Poison ivy is a pesky plant that causes agitated and itchy skin and is very hard to eliminate due to its intricate root system. The roots can grow up to 20 feet horizontally and a foot deep. This visual is a good representation of how deeply our thoughts can affect our emotional well-being. Just as the growth of poison ivy starts with one leaf, an attack on mental and emotional health can start with one negative thought and grow from there. Mental health professionals help clients understand and identify negative core beliefs that interfere with their day-to-day functioning. Therapist Aid (therapistaid.com) offers a good explanation of core beliefs:

“Core beliefs are a person’s most central ideas about themselves, others, and the world. These beliefs act like a lens through which every situation and life experience is seen. Because of this, people with different core beliefs might be in the same situation but think, feel, and behave very differently. Even if a core belief is inaccurate, it still shapes how a person sees the world.
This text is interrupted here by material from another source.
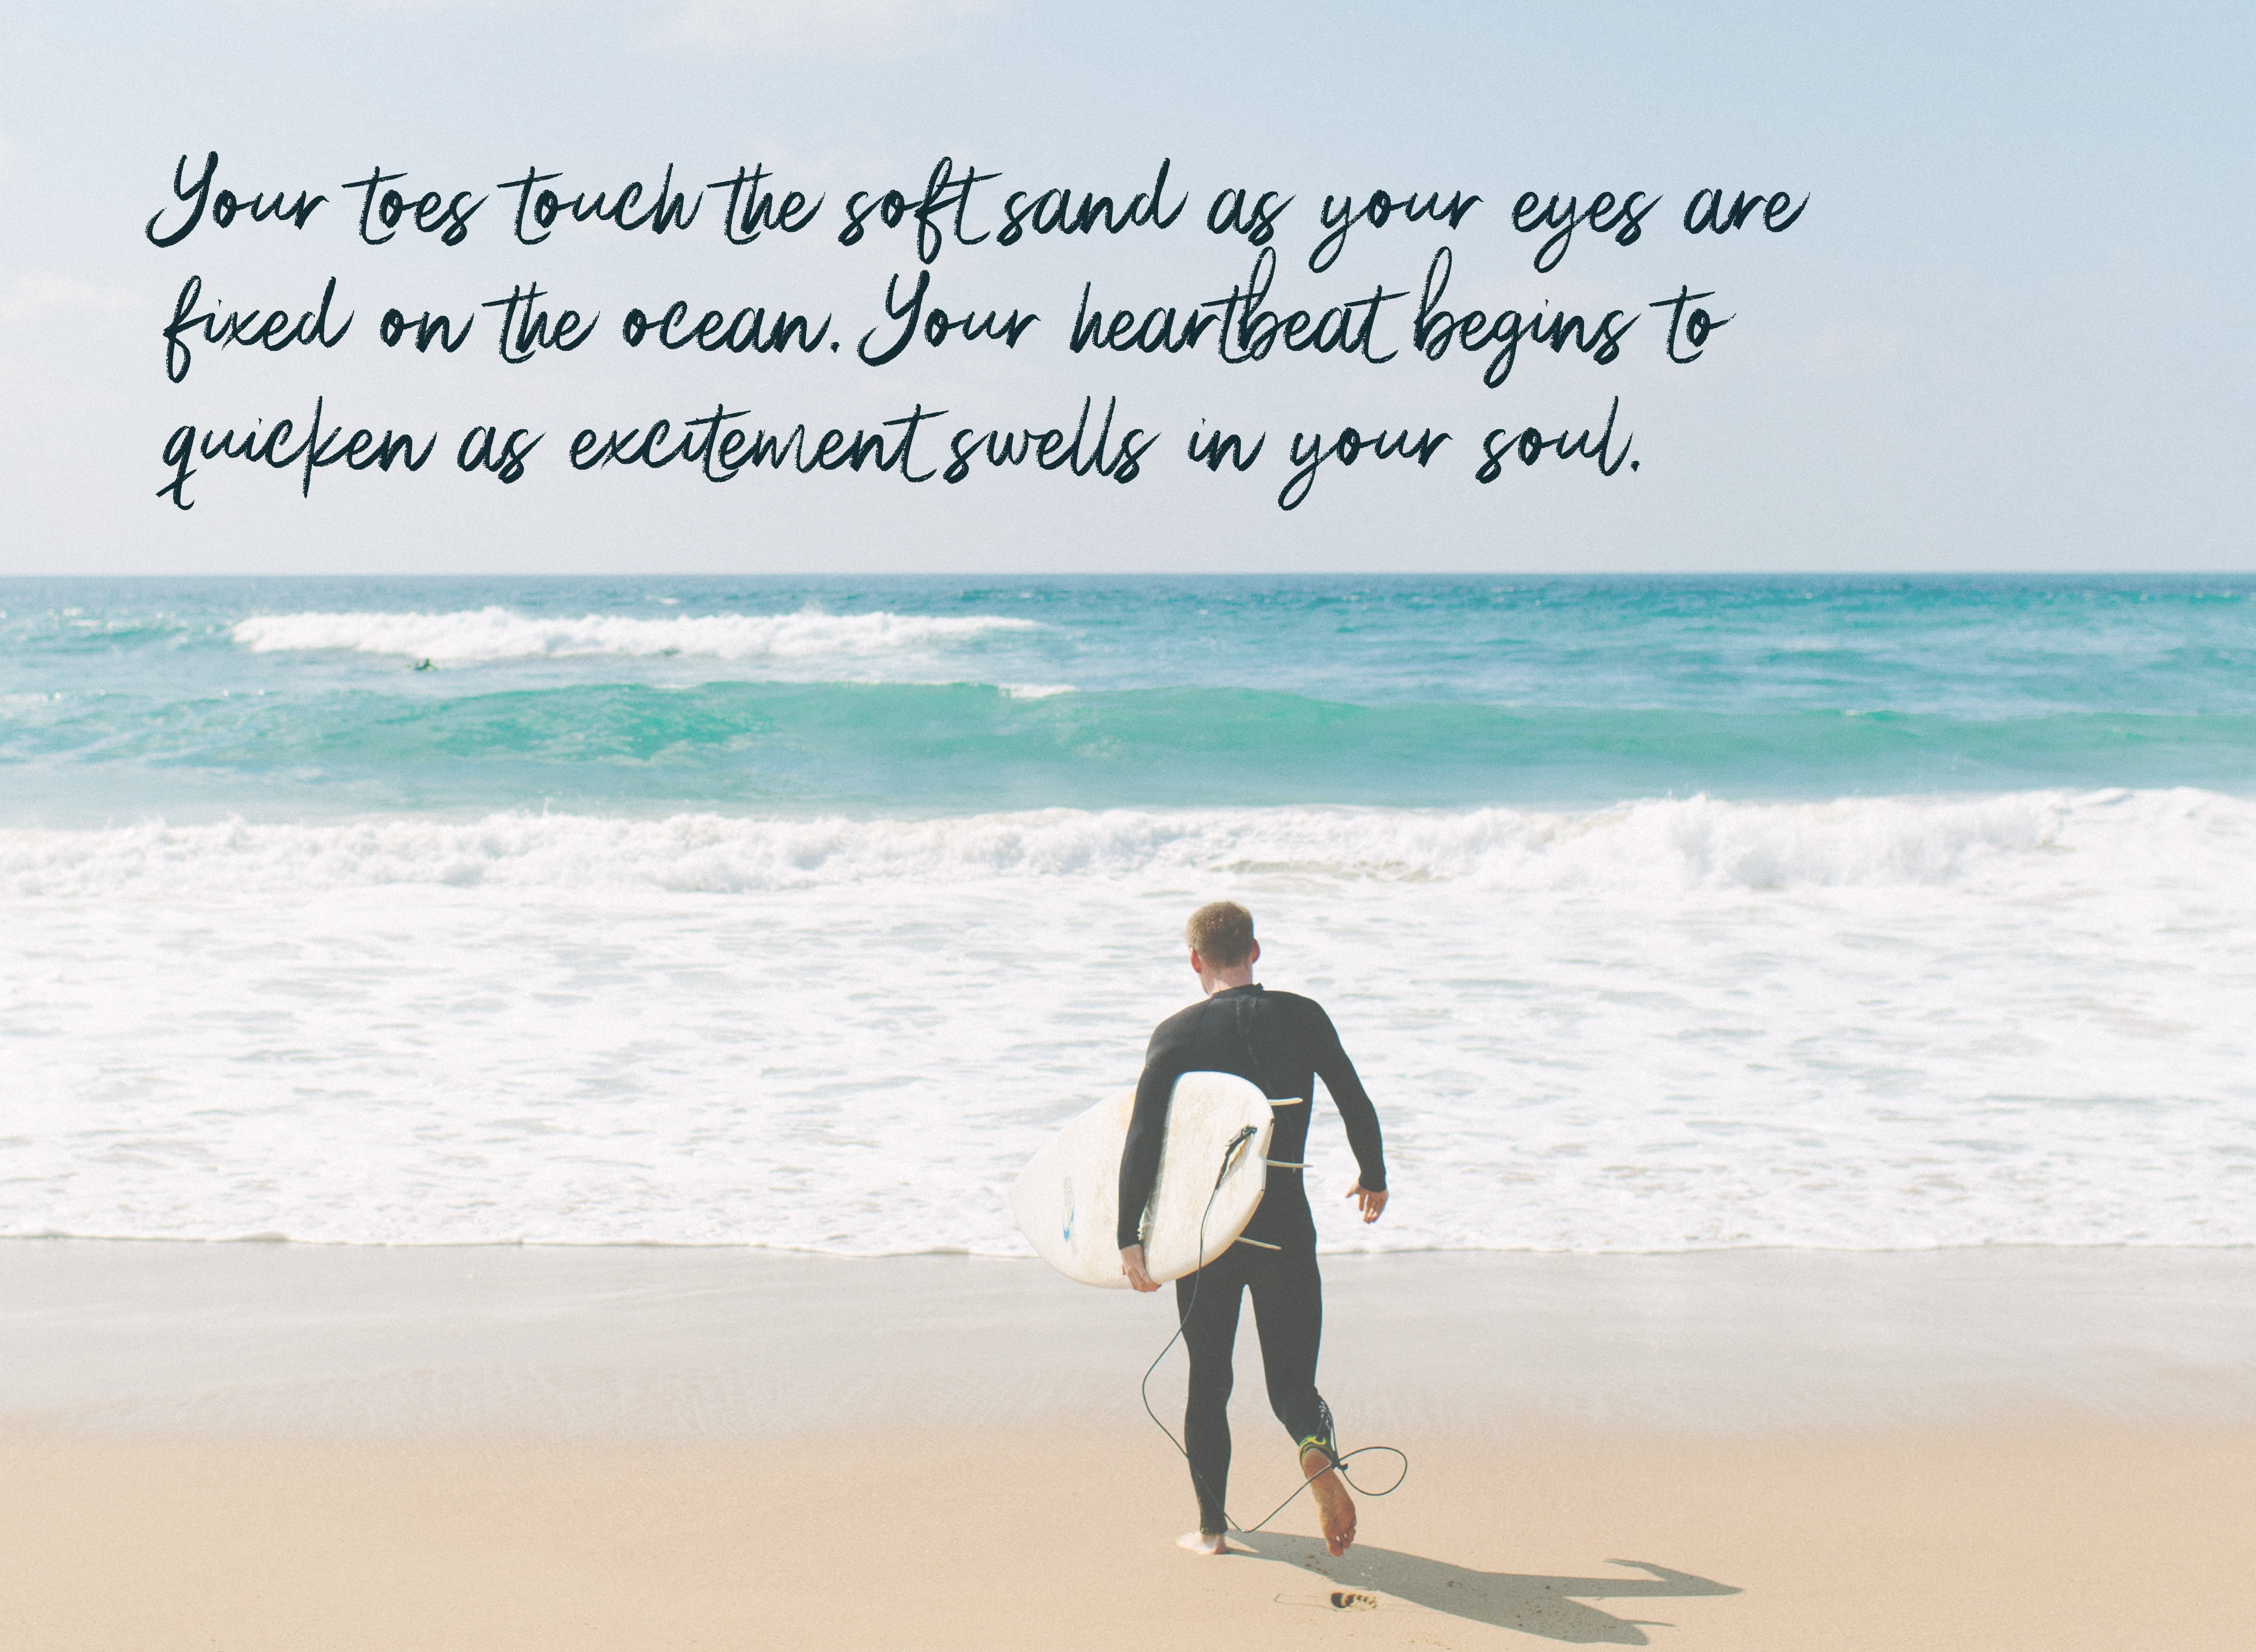 Bumps form on the horizon as you sit on your surfboard and observe. As the first bump gets closer you jolt down and paddle as fast as you can towards shore. The back of the surfboard begins to lift as your chosen wave grabs hold of you.

Harmful core beliefs lead to negative thoughts, feelings, and behaviors, whereas rational core beliefs lead to balanced reactions.”

Core beliefs take root in childhood and continue to develop throughout life. Negative core beliefs can cause extreme emotional distress and mental health issues such as anxiety, depression, substance abuse, and low self-esteem. It is important to recognize that these negative thoughts do not come from God. They are from Satan, who comes to steal, kill, and destroy (John 10:10). We keep our hearts by allowing the Holy Spirit to reveal the truth of our worth.

Though negative core beliefs tend to be longstanding and stubborn thoughts, they can be changed. To get rid of poison ivy, you have to cut it down to the base of the growth on the surface, and then you have to dig up the massive root systems from deep in the ground. Therapists can help their clients find the root of their core beliefs and assist the client in uprooting the negative beliefs, replacing them with new truth-based beliefs. This process includes asking questions like, “When was the first time you felt this way? What caused that feeling?” Understanding the negative beliefs and where they come from can help us uproot them and replace them with truth from God’s word about who He is and what He says about us. Just as it is vital to be proactive about digging up the deep roots of poison ivy, we must also keep our hearts and minds with the vigilance referenced in Proverbs 4:23. The work of uprooting the power of negative thoughts and replacing them with truth leads to a wellspring of life.

Reflection Questions:

  1. What steps can you take to guard your heart and mind against negative self-talk?
  2. How has negative self-talk affected your emotions in the past?
  3. What changes have you noticed as you begin to replace negative thoughts with God’s truth?